Tuesday, October 26, 2010


I am so blessed to have a friend like Angela Treiber who reads practically a book a day and then every couple of weeks leaves a shopping bag full of them with her doorman for me. I start most and if they don’t click I donate them right away to my beloved Webster branch of the library. I might go through a half dozen before I find a gem, but then I always have that wonderful feeling of reading a book I love and can’t wait to get back to.

When I looked at the cover of Huck in the latest batch I almost put in on the pile for the library without even starting it. I saw that absolutely adorable dog and read the subtitle, “The Remarkable True Story of How One Lost Puppy Taught a Family -- and a Whole Town -- About Hope and Happy Endings” and thought, “too hokey.” Let me say I have an extremely high tolerance for hokeyness, but I thought this one would be over the top. Luckily I started it -- and was hooked from page one. The library won’t be getting this one. It’s a keeper.

Author Janet Elder, a senior editor at The New York Times, is too skilled a writer to let Huck become hokey. And she’s such a gifted storyteller that I hated to put the book down, even though I knew from the subtitle what the outcome would be.

Huck, a reddish-brown toy poodle, came into the lives of Elder, her husband, Richard Pinsky, and their son, Michael, following an arduous year the family had spent dealing with Elder’s breast cancer.

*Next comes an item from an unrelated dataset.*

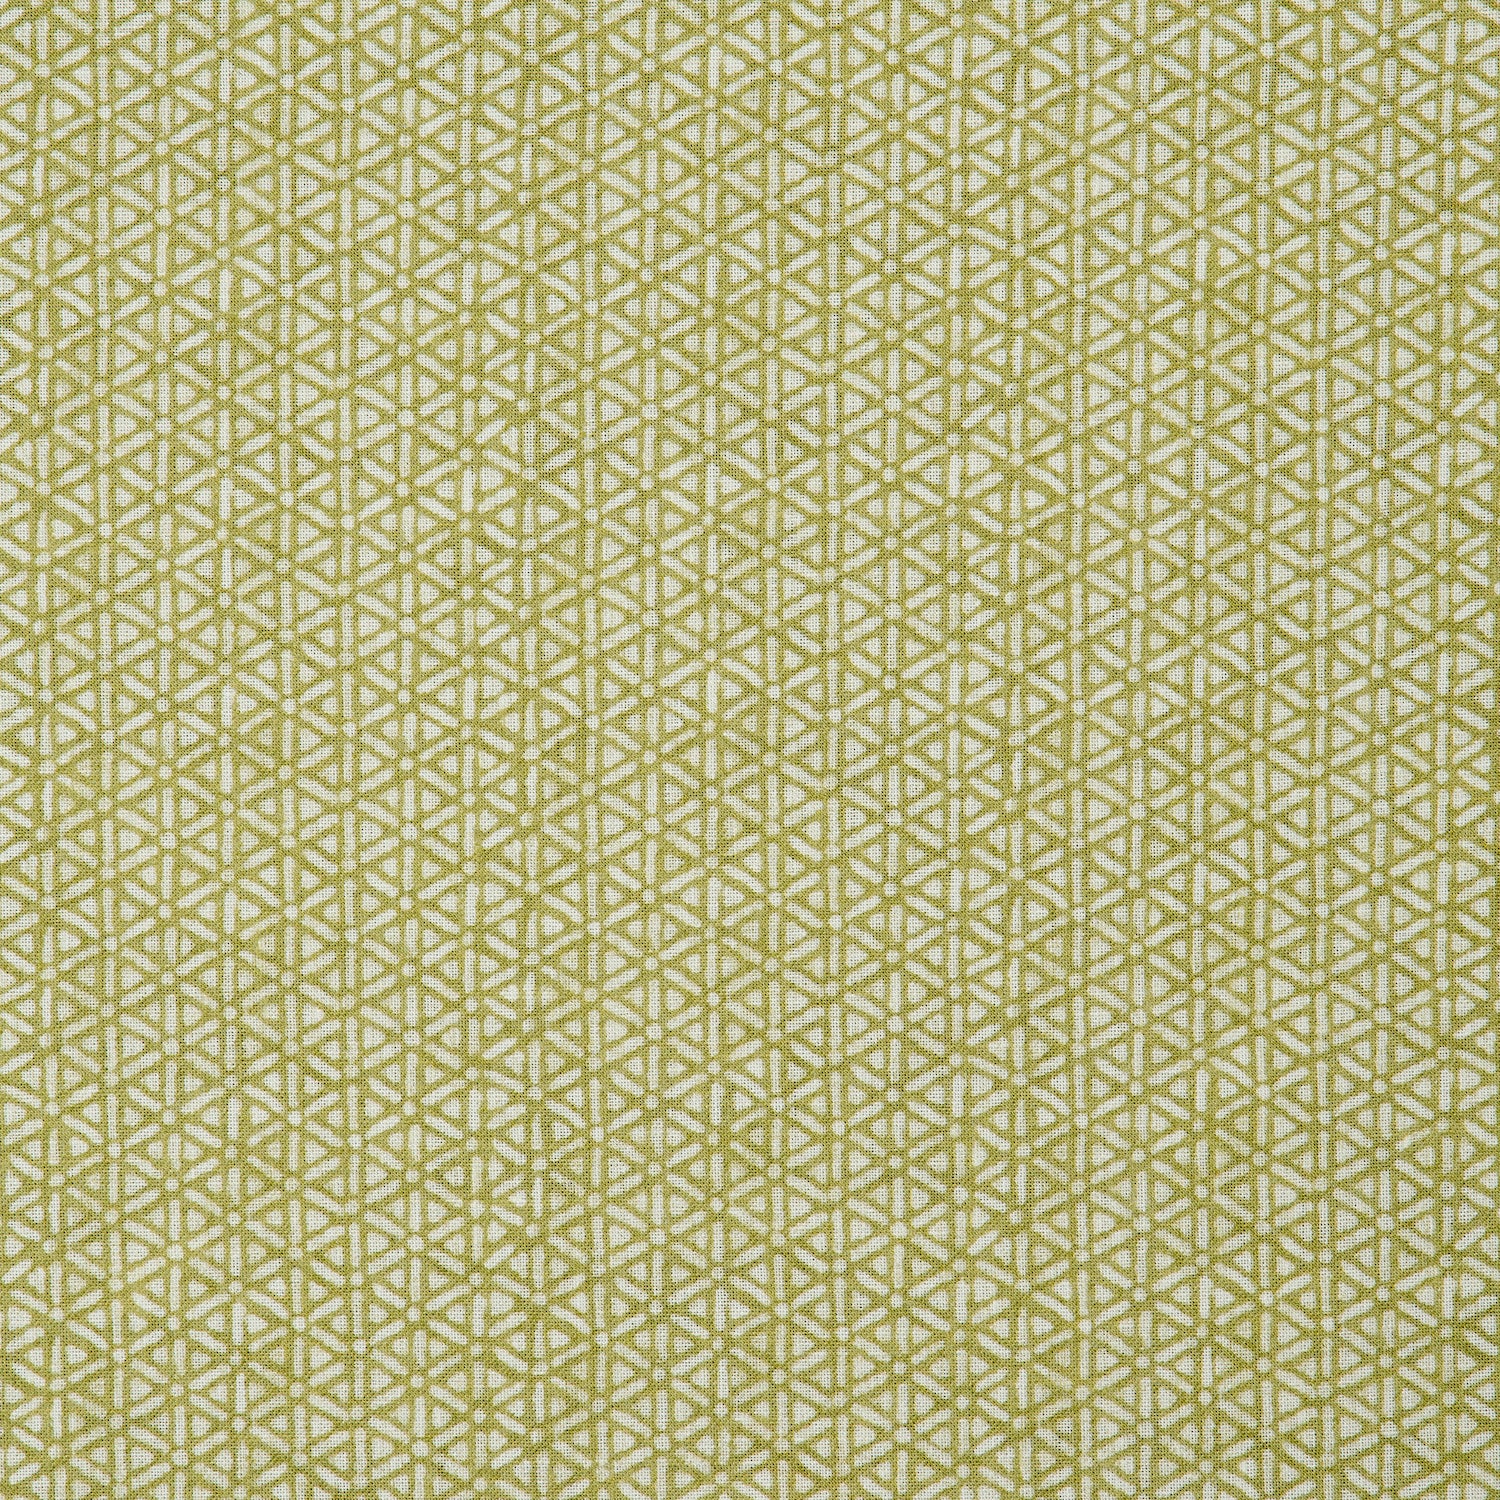 Detail of a linen fabric in a detailed geometric pattern in white on a chartreuse field.

She had had a sick parent and knew how hard it is on a child to watch a parent suffer through grave illness. Michael had been asking for a dog since he was a tiny child but because they lived in an apartment on the Upper East Side, Janet and Rich had always maintained that a dog would be too much trouble.

Once she was diagnosed with cancer, though, Elder realized that promising Michael a puppy at the end of her treatments would offer just the beacon of hope he needed at such a scary time. She had no way of knowing just what a talisman of hope Huck would become for all of them.

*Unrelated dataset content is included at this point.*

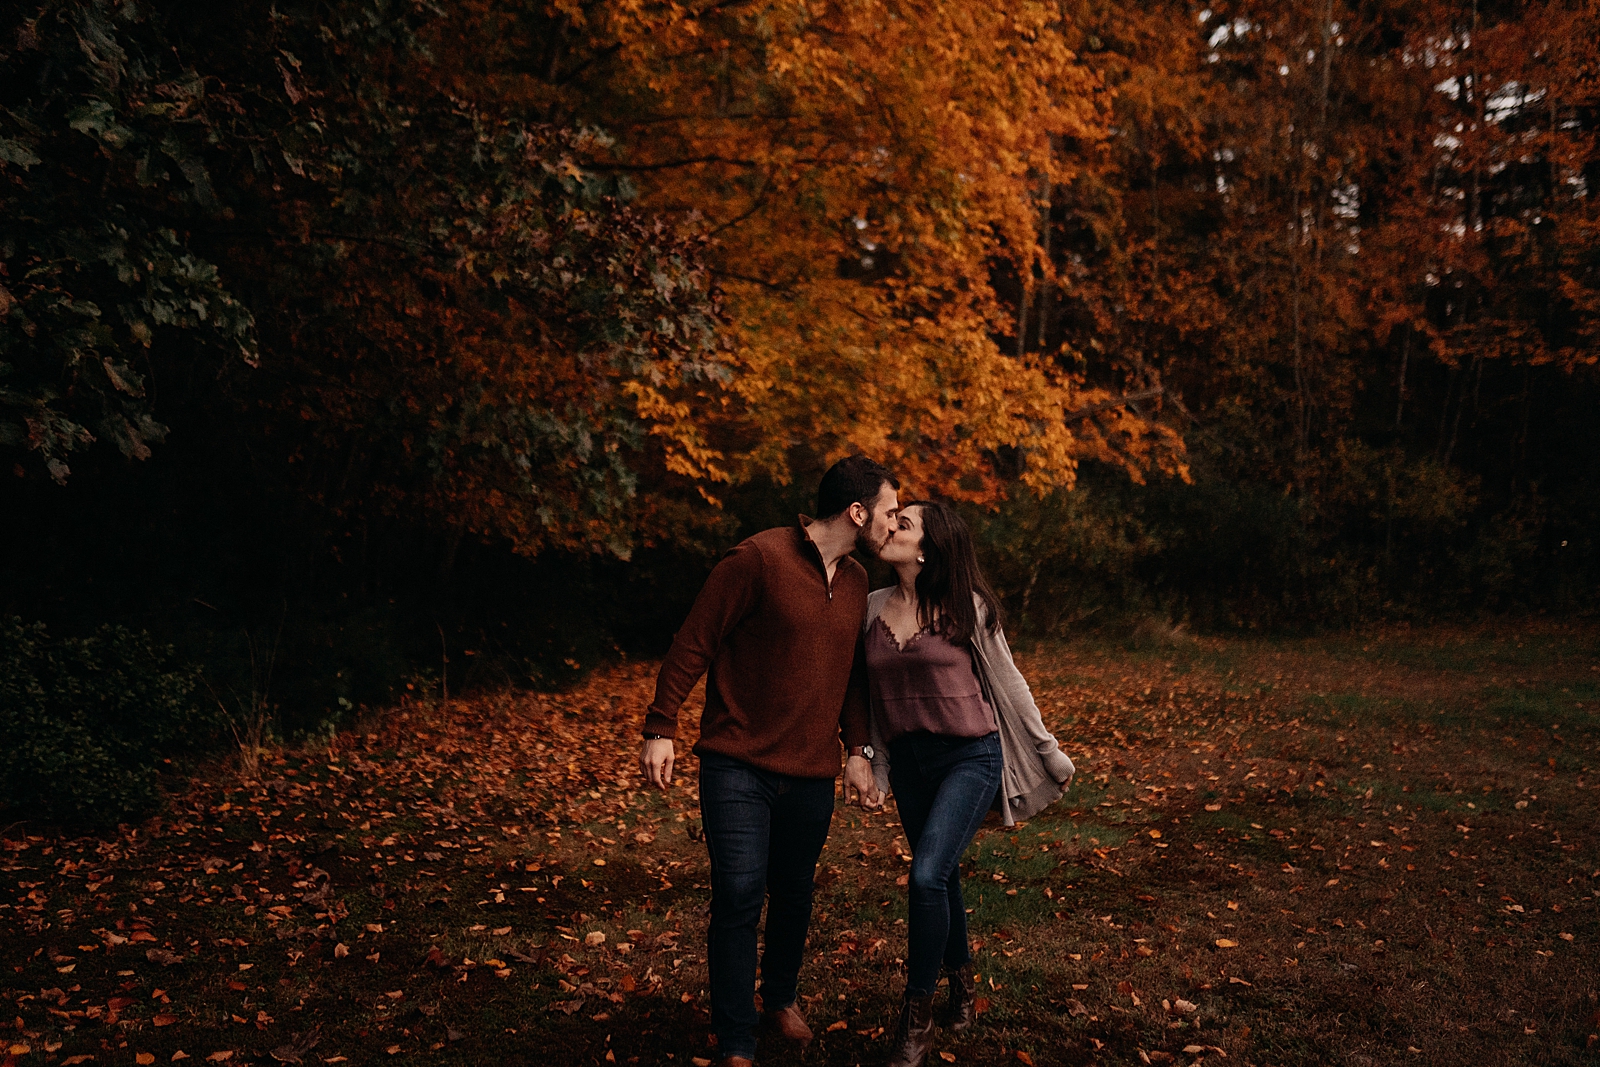 Couple kissing and walking in fallen leaf forest

Several months after Huck’s arrival, the family decided to celebrate the end of Elder’s yearlong cancer battle by taking a trip to Florida to see the Yankees at spring training. Huck would stay with Elder’s sister, Barbara, and her family in Ramsey, NJ. They had barely begun their vacation, however, when they received a call from Barbara that Huck had escaped from the yard and was missing. Without hesitation, Rich, Janet and Michael headed home on the first flight they could book. Huck meant too much to all of them by then. He represented the joy and new life that can follow suffering and fear.

Rather than commute back and forth from Manhattan, they settled into a hotel in New Jersey and set out to do what would have sounded like the impossible to most people -- to find a tiny puppy lost in an unfamiliar town, surrounded by dense woods filled with wild animals and birds of prey and streets with fast moving cars.

Working from before sunrise until after dark, even in the rain, they papered Ramsey and nearby Mahwah, Allendale and Wyckoff with posters featuring Huck and offering a $1,000 reward. They knocked on doors, stopped people on the street and drove and walked around for hours calling out Huck’s name. Even after nights of subfreezing temperatures when Janet and Rich secretly wondered if Huck could survive, they kept looking.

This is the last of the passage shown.